WHAT IS EXPECTED:
After locating the line with "CENTRAL AFRICAN CONGO" below, output it and each following line exactly, stopping after the line with "American Leather Rogue". No pictures.

(DATA PROVIDED begins)

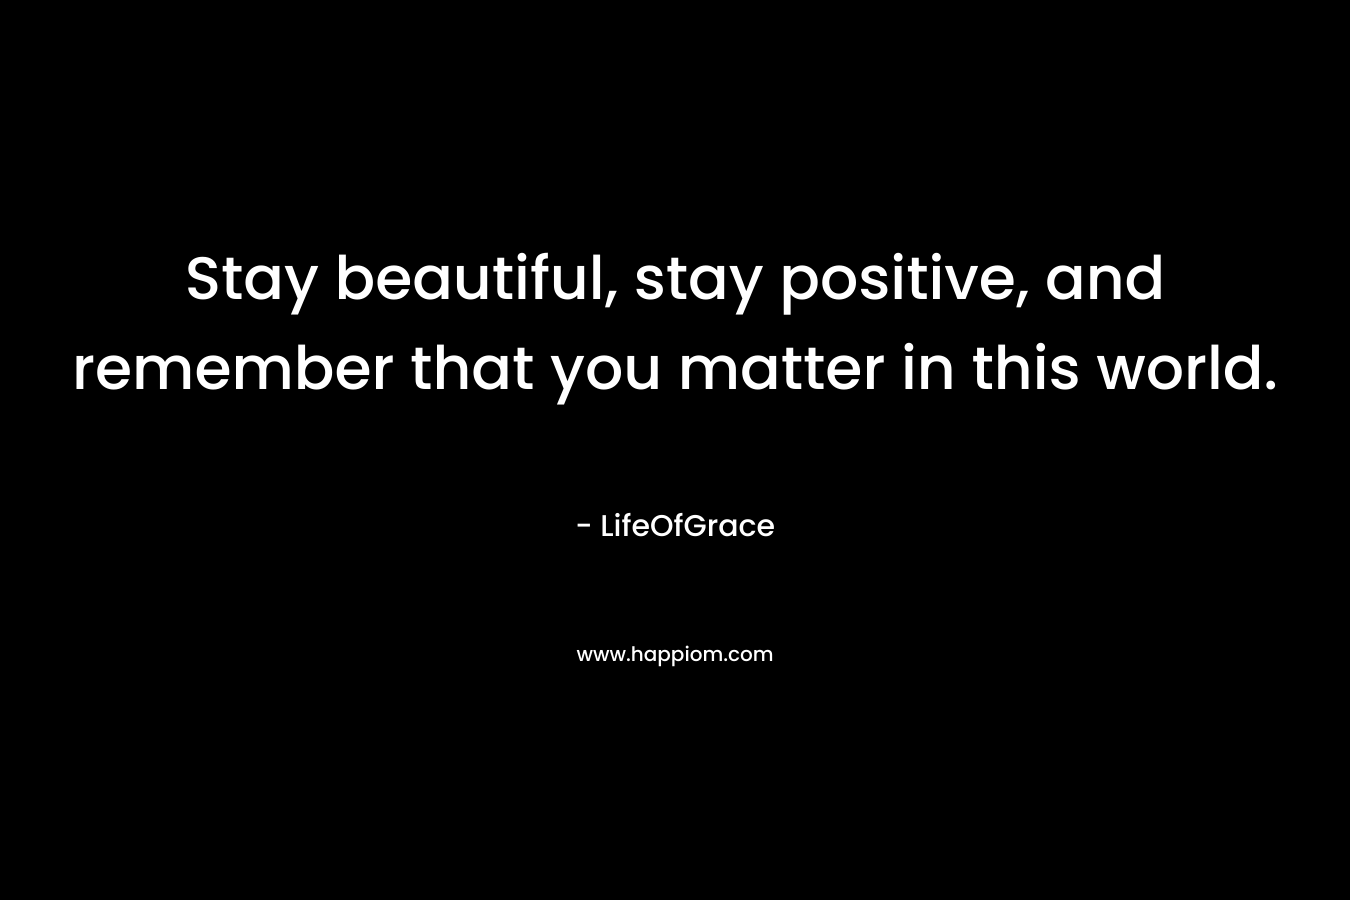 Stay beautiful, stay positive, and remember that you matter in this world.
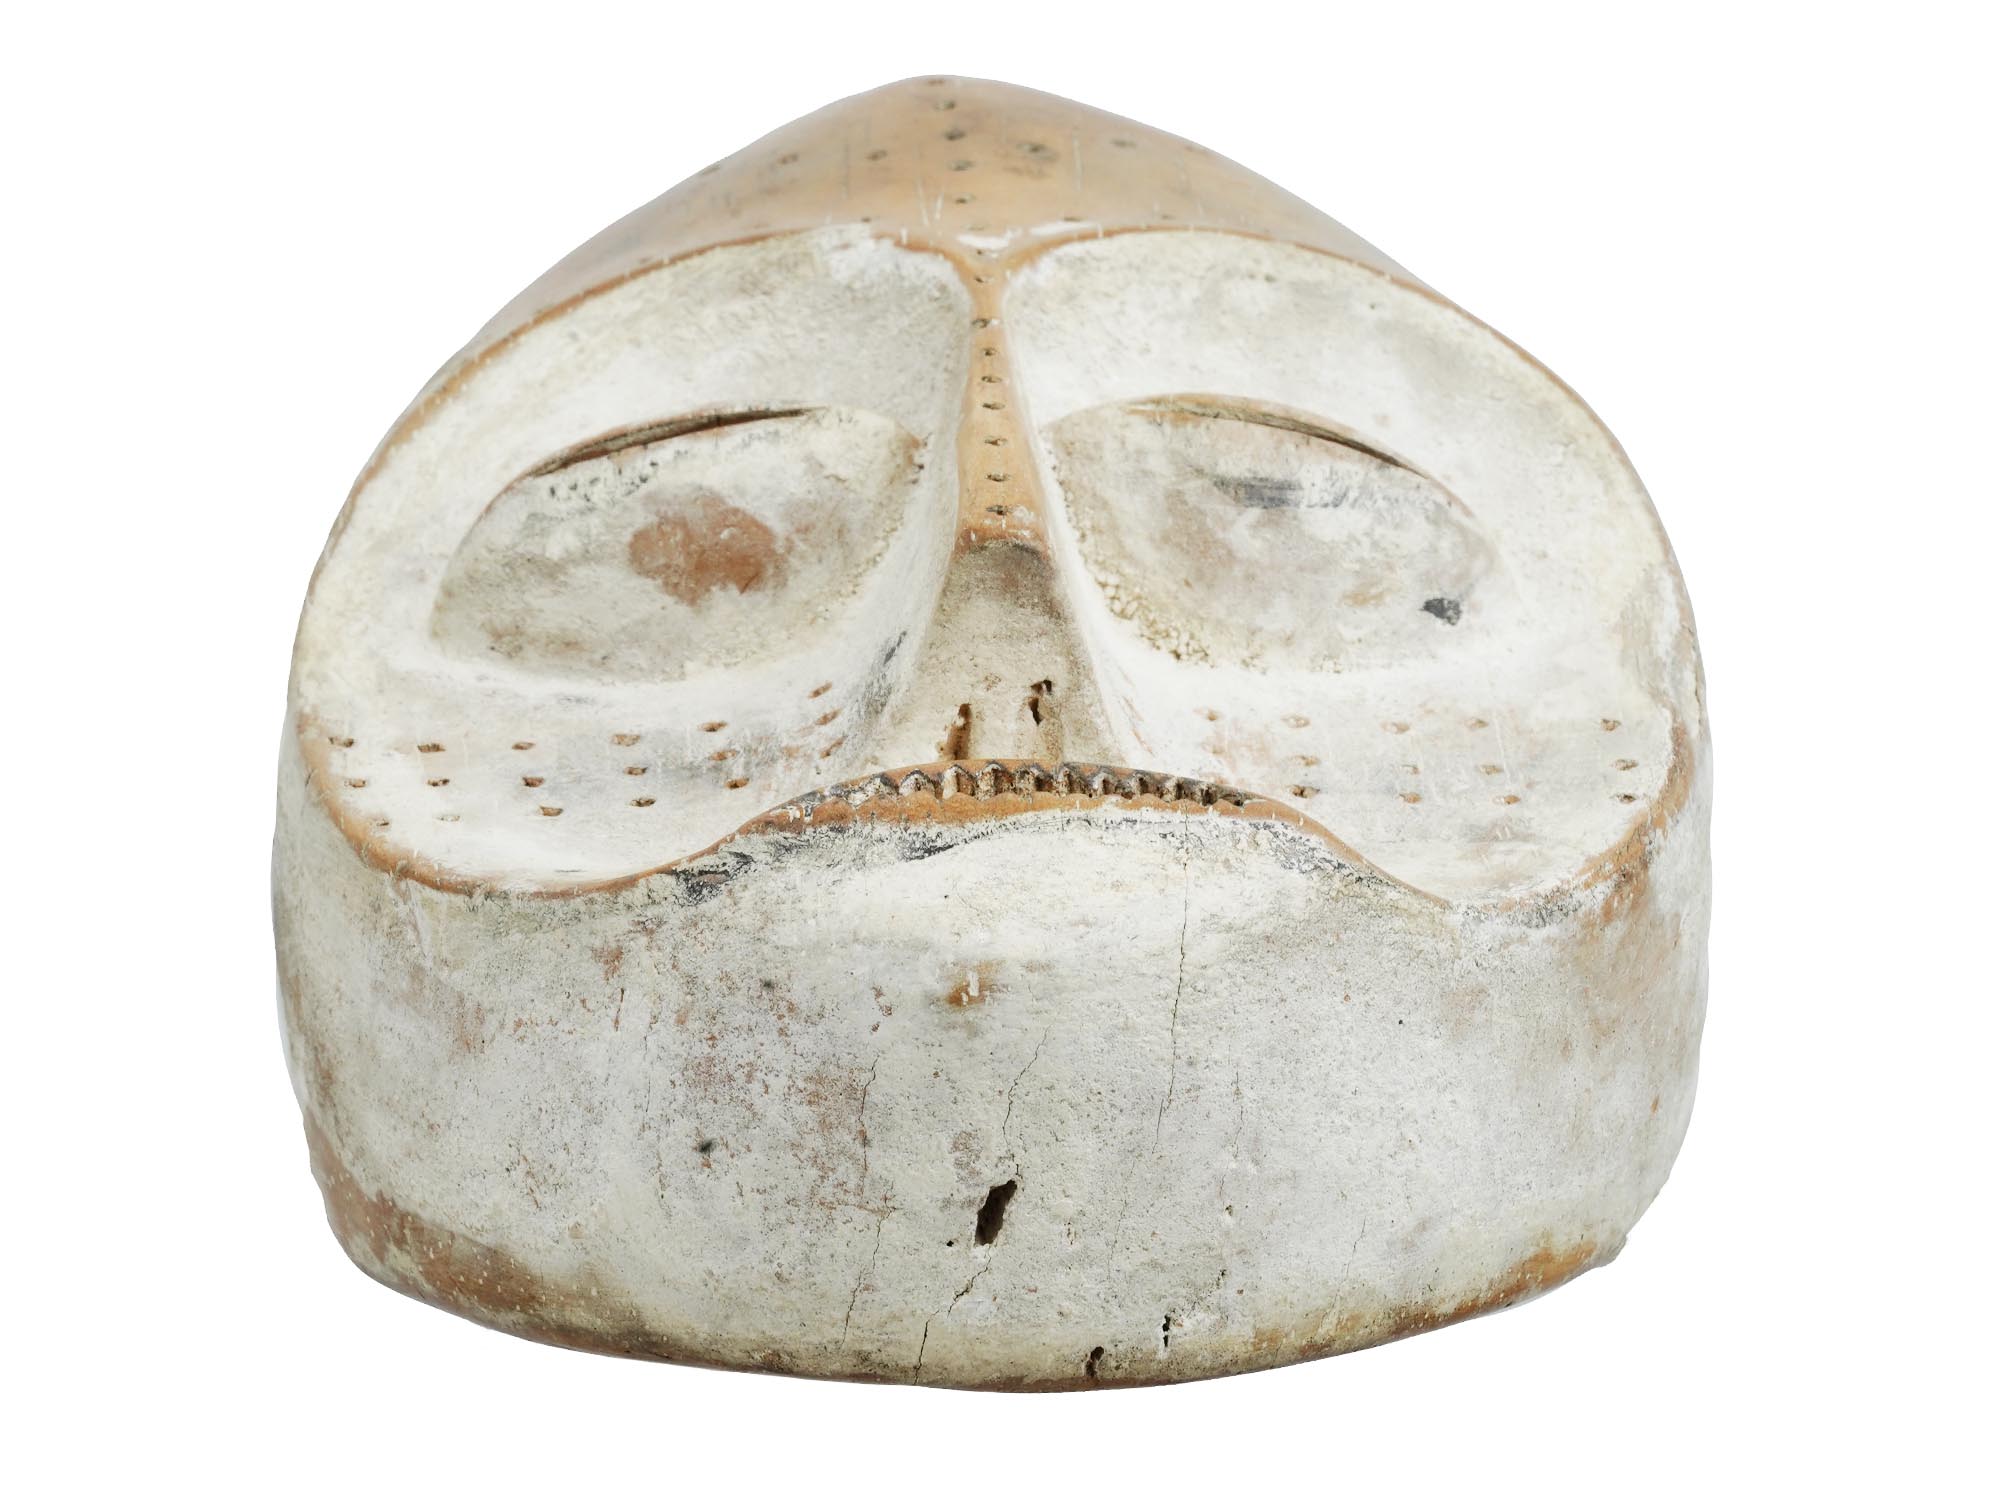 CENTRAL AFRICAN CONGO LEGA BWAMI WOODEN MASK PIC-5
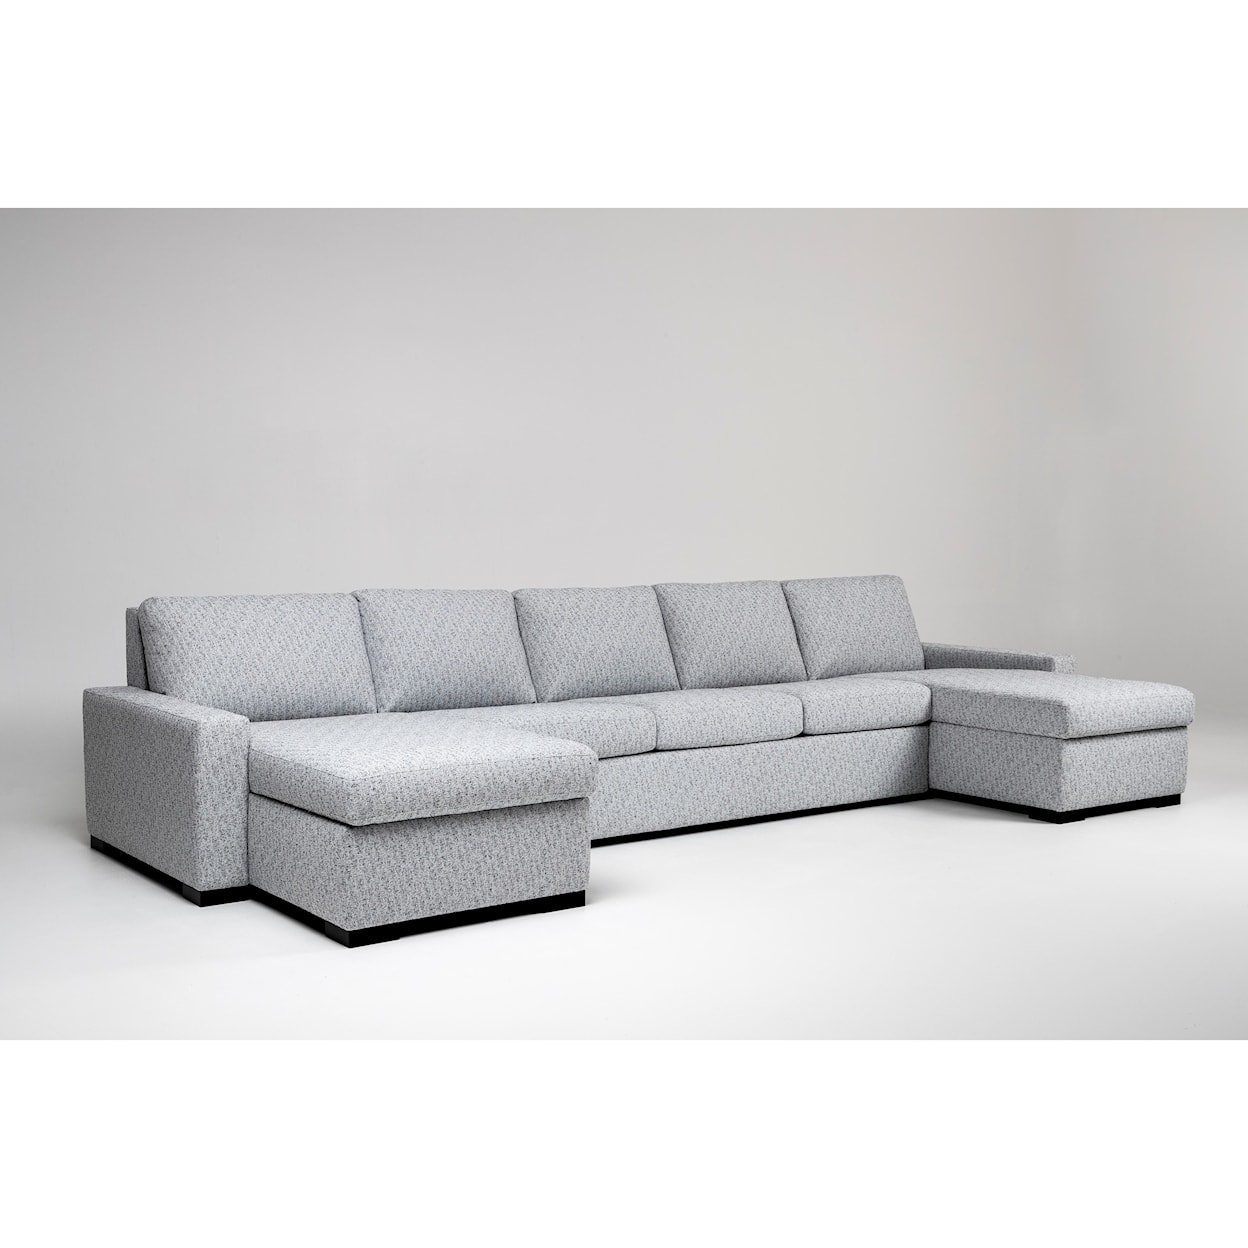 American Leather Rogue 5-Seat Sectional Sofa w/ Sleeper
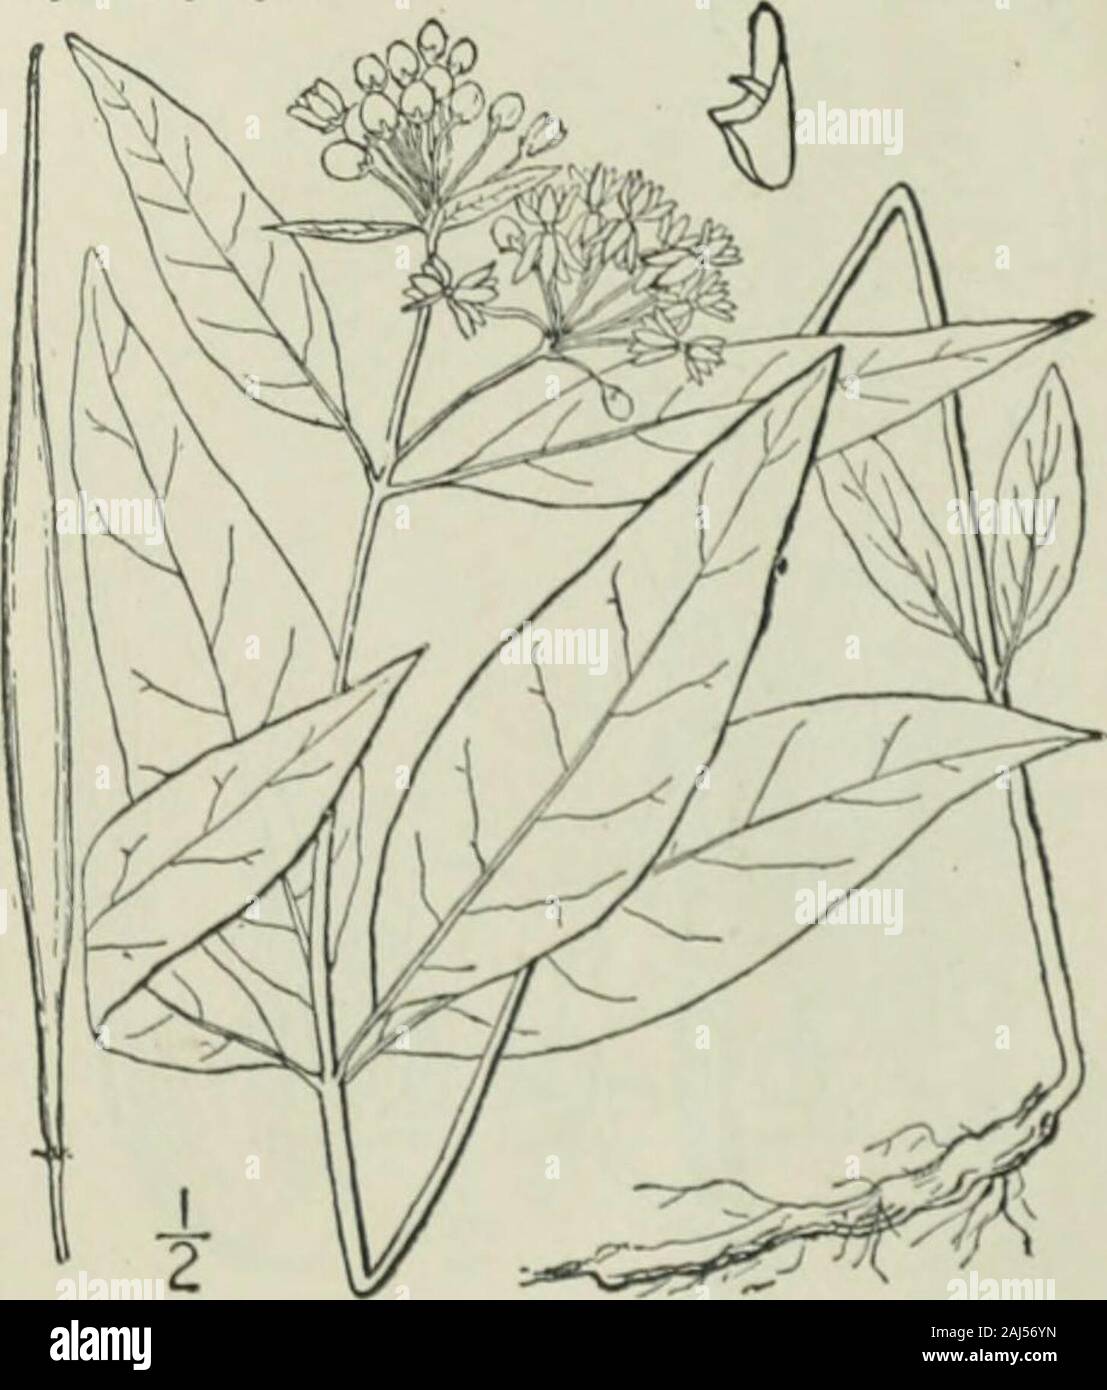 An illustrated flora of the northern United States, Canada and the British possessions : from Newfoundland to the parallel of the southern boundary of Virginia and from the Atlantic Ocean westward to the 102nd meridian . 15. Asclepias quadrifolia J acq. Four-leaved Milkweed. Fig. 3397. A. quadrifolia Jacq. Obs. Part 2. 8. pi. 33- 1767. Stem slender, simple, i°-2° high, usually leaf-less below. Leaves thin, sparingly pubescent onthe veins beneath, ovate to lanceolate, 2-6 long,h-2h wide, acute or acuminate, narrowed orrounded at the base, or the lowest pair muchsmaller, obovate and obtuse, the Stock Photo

(DATA PROVIDED ends)

WRITTEN RESPONSE:
 CENTRAL AFRICAN CONGO LEGA BWAMI WOODEN MASK PIC-5
 American Leather Rogue 5-Seat Sectional Sofa w/ Sleeper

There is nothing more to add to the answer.